● **AIM OF THE EXERCISE**
Write out the data below exactly as given, without any of its pictures.

● **INFORMATION SUPPLIED**
________

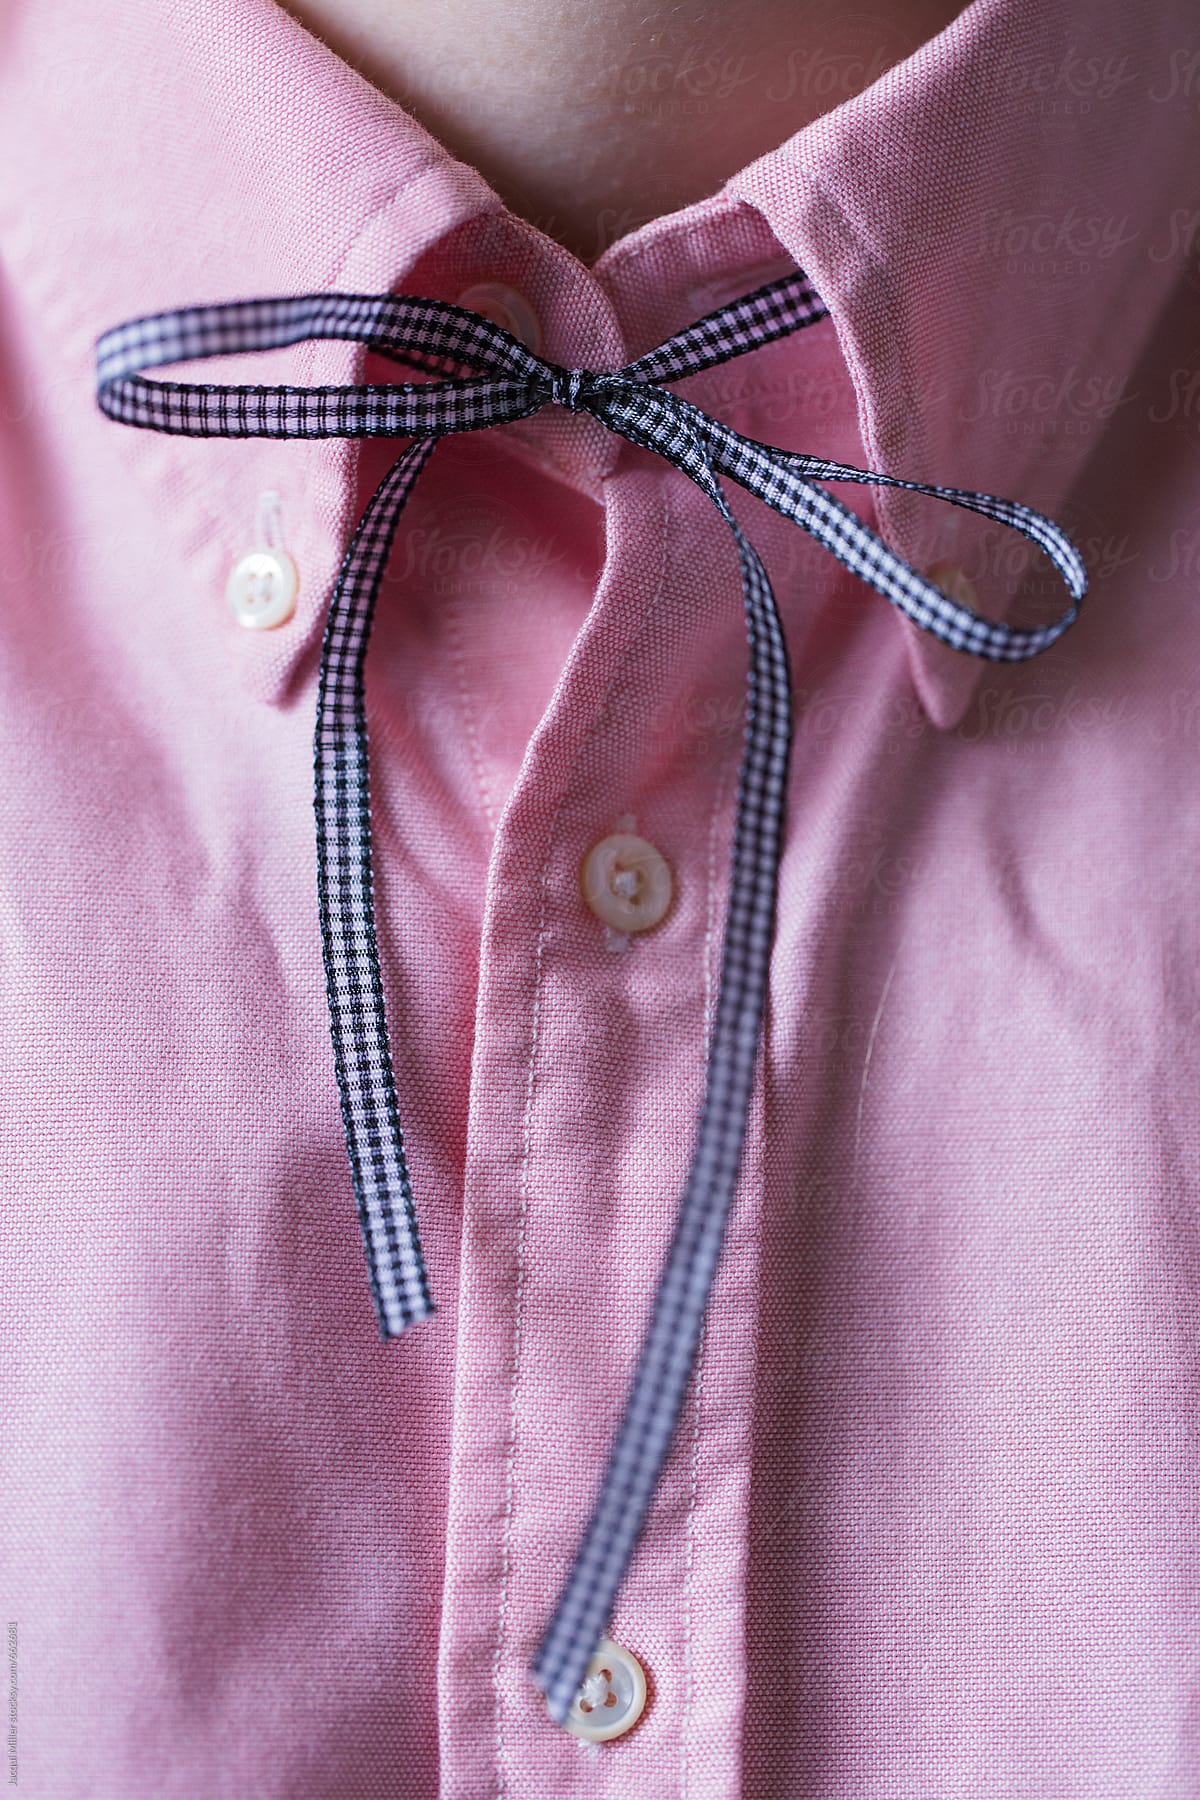 Close up of pink collared shirt with a blue ribbon tie
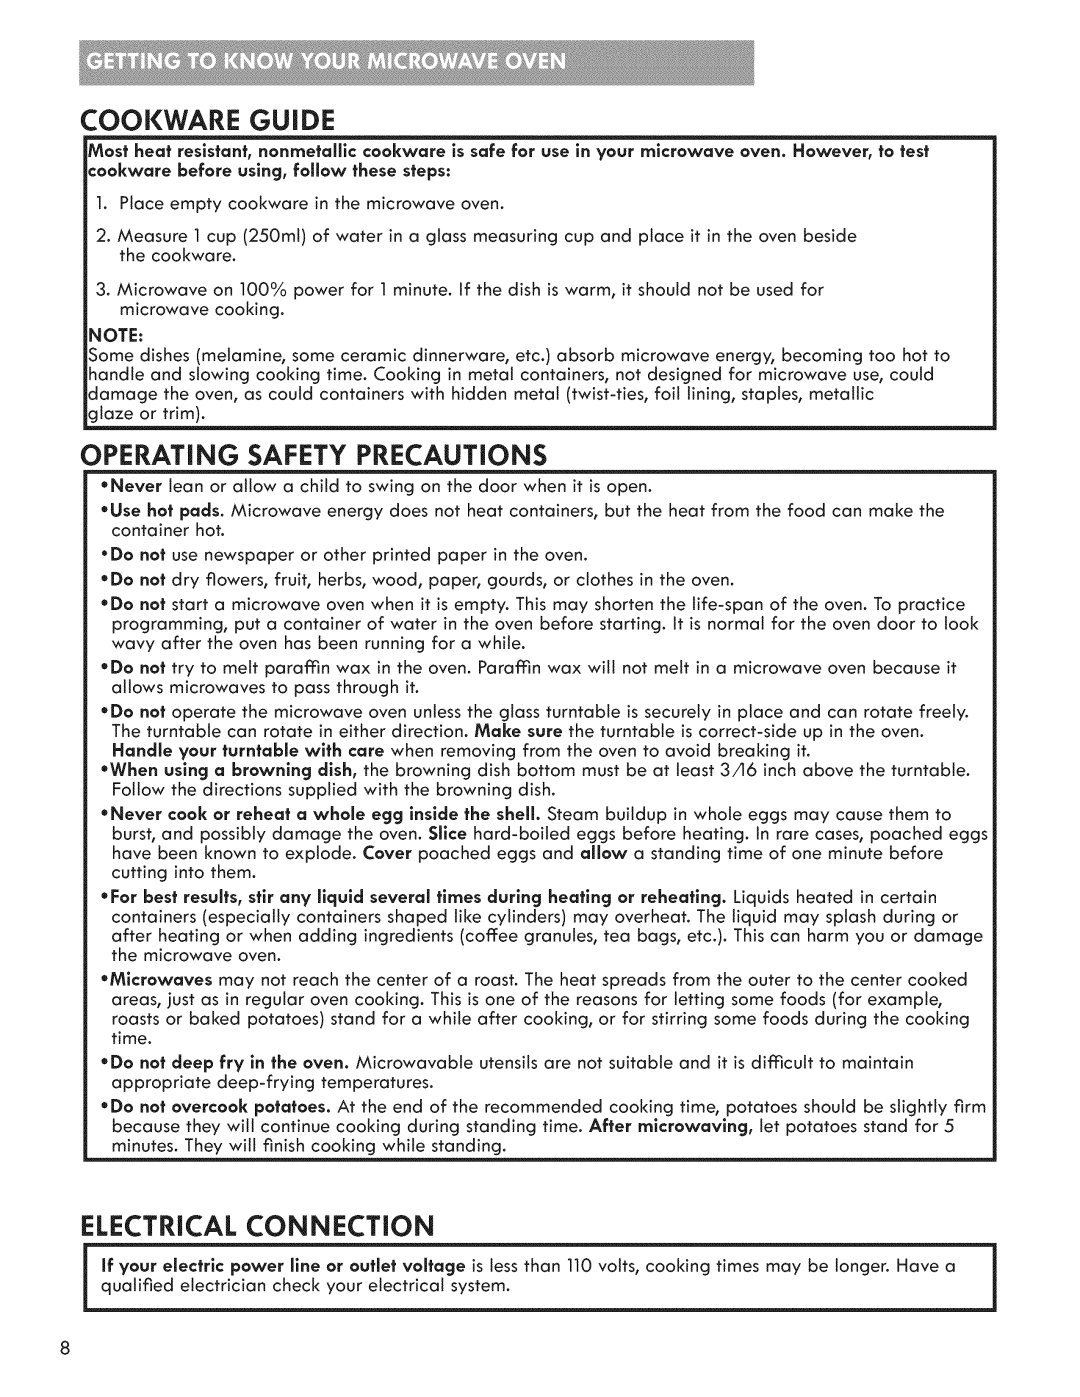 Kenmore 721.7915 manual Cookware Guide, Operating Safety Precautions, Electrical Connection 
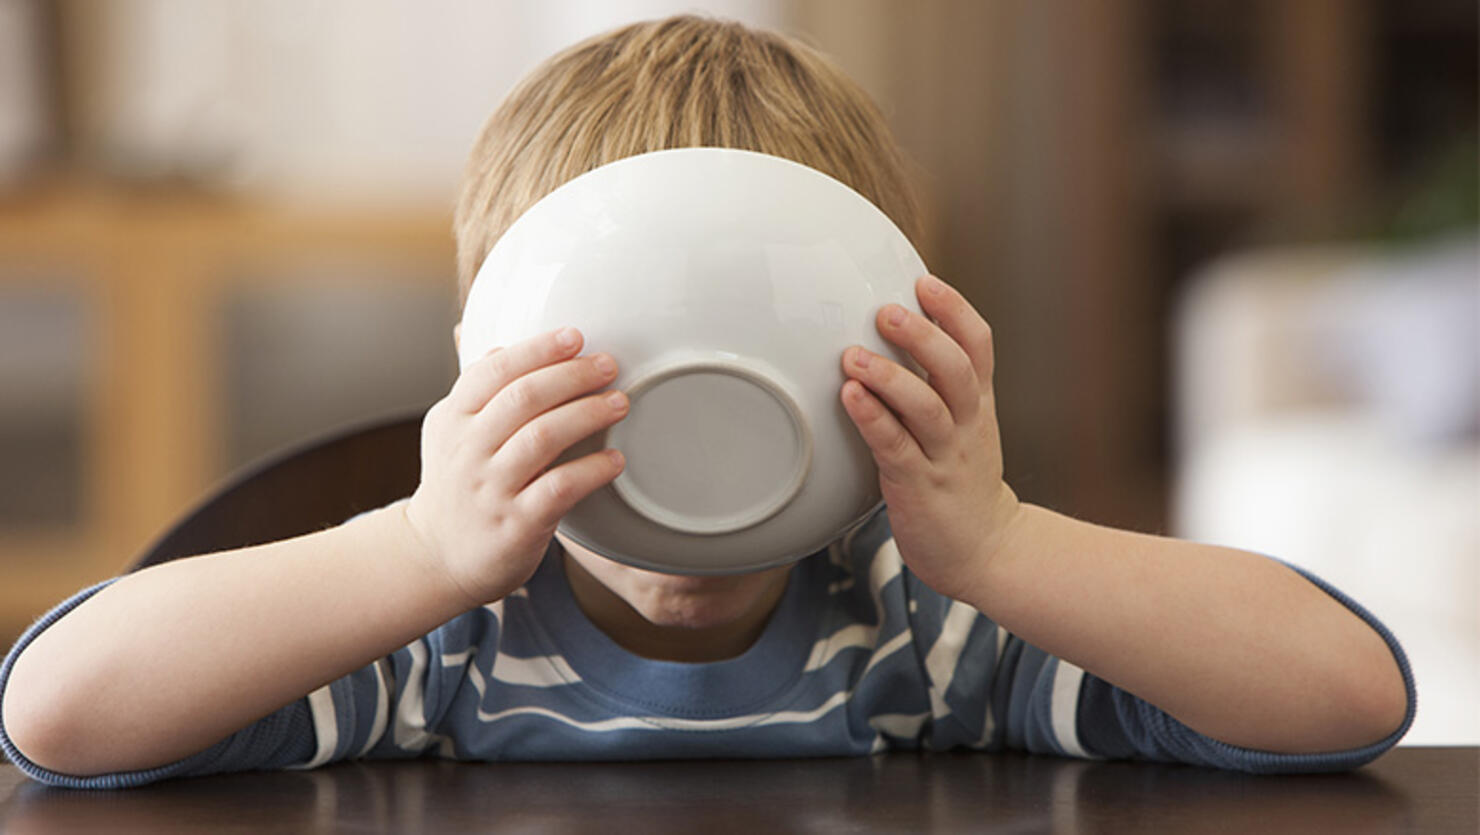 Young boy eating from bowl

________

● **SOLUTION TO THE EXERCISE**
 Close up of pink collared shirt with a blue ribbon tie
 Kenmore 721.7915 manual Cookware Guide, Operating Safety Precautions, Electrical Connection 
 Young boy eating from bowl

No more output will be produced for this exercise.